Reinforcement Learning for Optimizing LLMs in Human Alignment
In order to make large language models more human-friendly, they often need a second phase of alignment. Reinforcement learning is a key component of this phase. It allows models to be based upon human feedback, or tasks that are correct. The models are fine-tuned to better align with the user’s expectations. This makes them suitable for applications that require precise mathematics or instruction.
Challenges in Choosing Offline vs. Online Reinforcement Learning Strategies
The choice of the best method to fine-tune is a difficult one. Training methods fall into two extremes—offline approaches that depend on static, pre-generated data and fully online approaches that continuously update with each new interaction. Both methods have their own challenges. The performance of offline models is limited because they cannot be adapted during training. On the other hand, online models require more computing resources. This choice is further complicated by the need to ensure that models are able to perform both in mathematical tasks (verifiable), and also open-ended, non-verifiable ones.
Algorithms for Alignment: DPO & GRPO
In the past, models were aligned using tools such Direct Preference Optimization(DPO) or Group Relative Policy Optimization(GRPO). DPO is designed for offline use and works with data pairs based on preferences. The simplicity of the method and its data efficiency are valued, but it lacks adaptability. GRPO, which is based upon the PPO algorithm, handles fine-tuning online by comparing output groups to calculate relative advantages. GRPO is dynamic and adapts to reward systems in real time. However, the fact that it’s based on policy increases computation load and requires more experimentation.

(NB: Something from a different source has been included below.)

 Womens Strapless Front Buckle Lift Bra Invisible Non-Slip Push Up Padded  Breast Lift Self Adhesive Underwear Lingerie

The Balanced Alternative to LLM Alignment
Meta’s and NYU’s research explored how to circumvent these limitations by using a semi-online setup. It modulates the rate at which model components for generation and training are updated, as opposed to updating them at each training stage, like in online setups, or never, like in offline ones. Semi-online methods strike a balance by changing the rate of synchronization. The researchers designed this method to decrease training time, while still maintaining high model adaptability. They could also apply DPO and GRPO models with task-specific rewards in a flexible way.

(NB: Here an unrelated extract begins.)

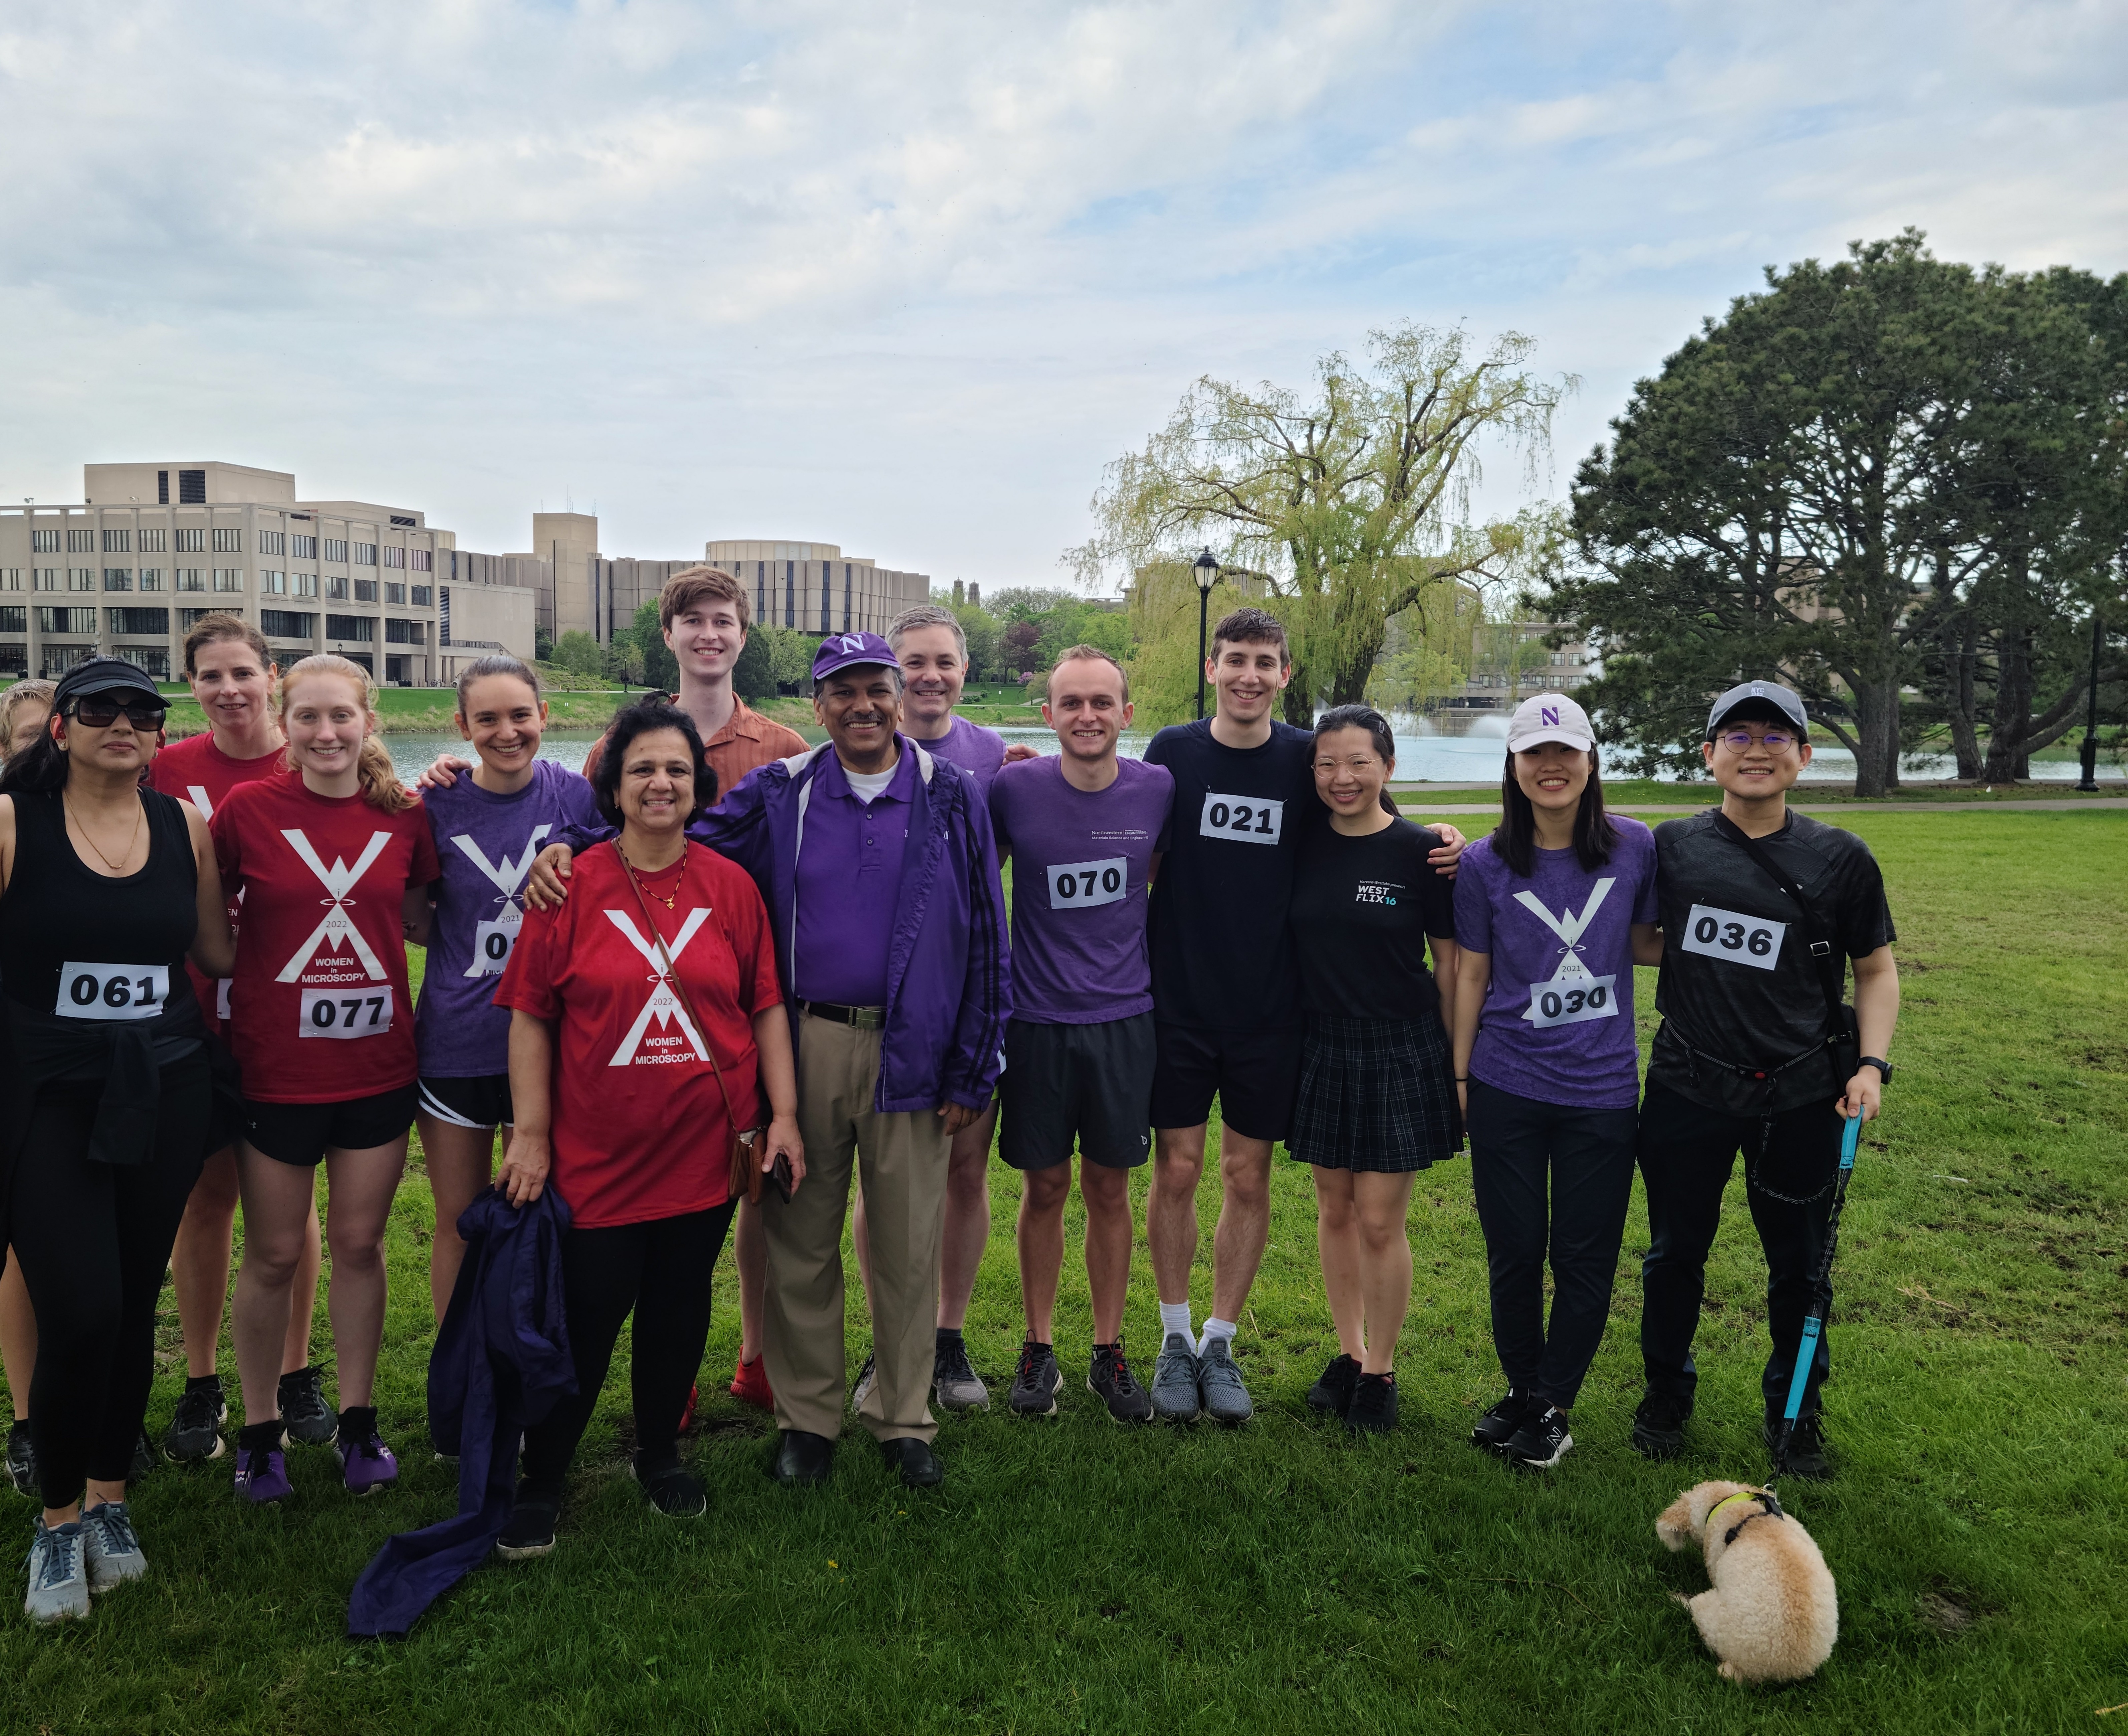 NUANCE & VPD Group run/walk participants--well done everyone!

Mathematics and Instructional Following
The methodology involved fine-tuning the Llama-3.1-8B-Instruct model using two types of tasks: open-ended instruction following and math problem-solving. In order to assess non-verifiable challenges, the Athene RM-8B reward system was applied, which assigned scalar values for each user prompt. The team used the NuminaMath data set in combination with the Math-Verify Toolkit to verify whether the generated outputs match the expected ones. In order to compare different synchronization settings, the team ran training experiments using 32 NVIDIA HD200 GPUs.

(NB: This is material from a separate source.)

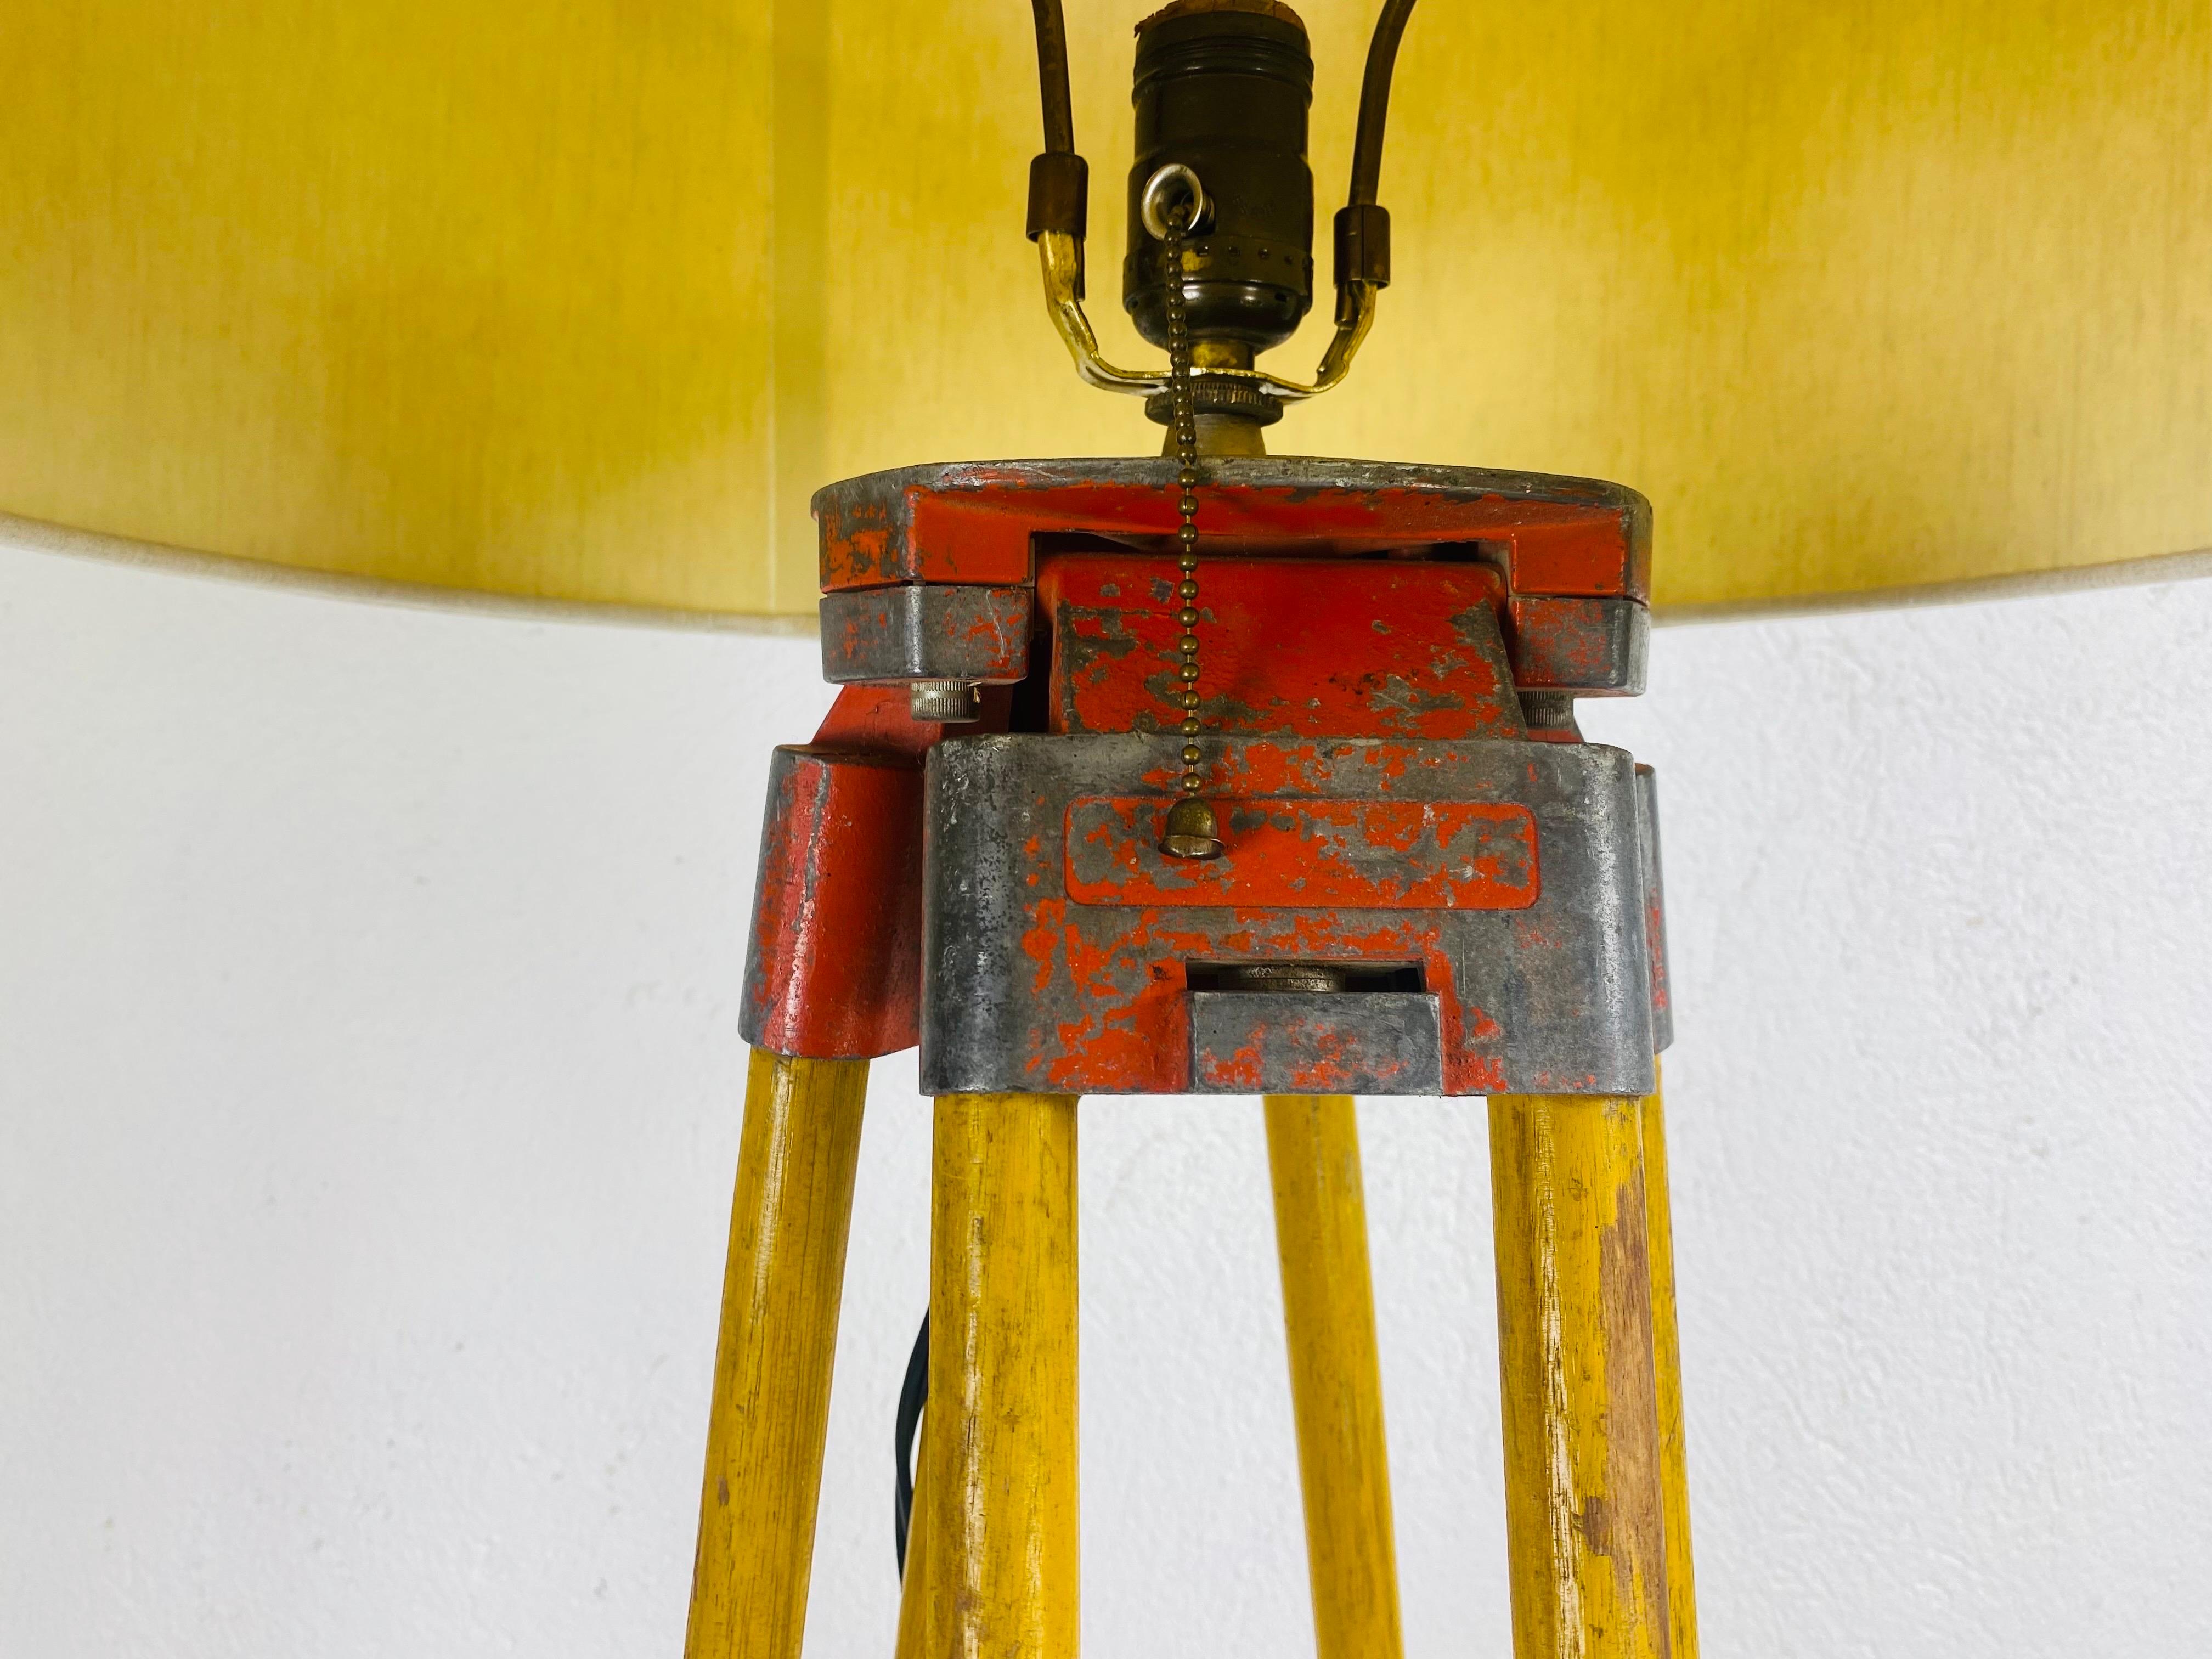 Hand-Painted Early 20th century rustic surveyors tripod floor lamp For Sale

Performance Improvements for Both Verifiable And Non-Verifiable Work
There were differences in performance. Math500 showed that the accuracy of the DPO was 53.7% for the offline DPO and 58.9% with the semi-online DPO using a synchronization time interval of 100. Online DPO results were similar to GRPO, at 58.7% versus 58.1%. The NuminaMath benchmark showed similar trends. Offline DPO scored 36.4% and semi-online variations increased that to 39.4%. Not only math tasks showed performance improvements. Models trained using mixed rewards performed better when non-verifiable task benchmarks were used with AlpacaEval and Arena-Hard. When verifiable as well as non-verifiable incentives were combined in a training scenario, the average score was higher.

The Reinforcement learning in LLMs: A flexible and scalable approach
The study shows that the fine tuning of large language models doesn’t require a strict adhesion to offline or online settings. The research team at Meta and NYU introduced a flexible training scheme that increased efficiency, while maintaining or even improving performance. These results demonstrate that carefully balancing the reward type and frequency of training synchronization leads to models with high performance across different task types.
Take a look at the Paper. This research is the work of researchers. Also, feel free to follow us on Twitter, Youtube You can also find out more about the following: Spotify Don’t forget about our 100k+ ML SubReddit Subscribe now our Newsletter.
Nikhil works as an intern at Marktechpost. He has a dual integrated degree in Materials from the Indian Institute of Technology Kharagpur. Nikhil, an AI/ML fanatic, is constantly researching AI/ML applications for biomaterials and other biomedical fields. Material Science is his background. His passion for exploring and contributing to new advances stems from this.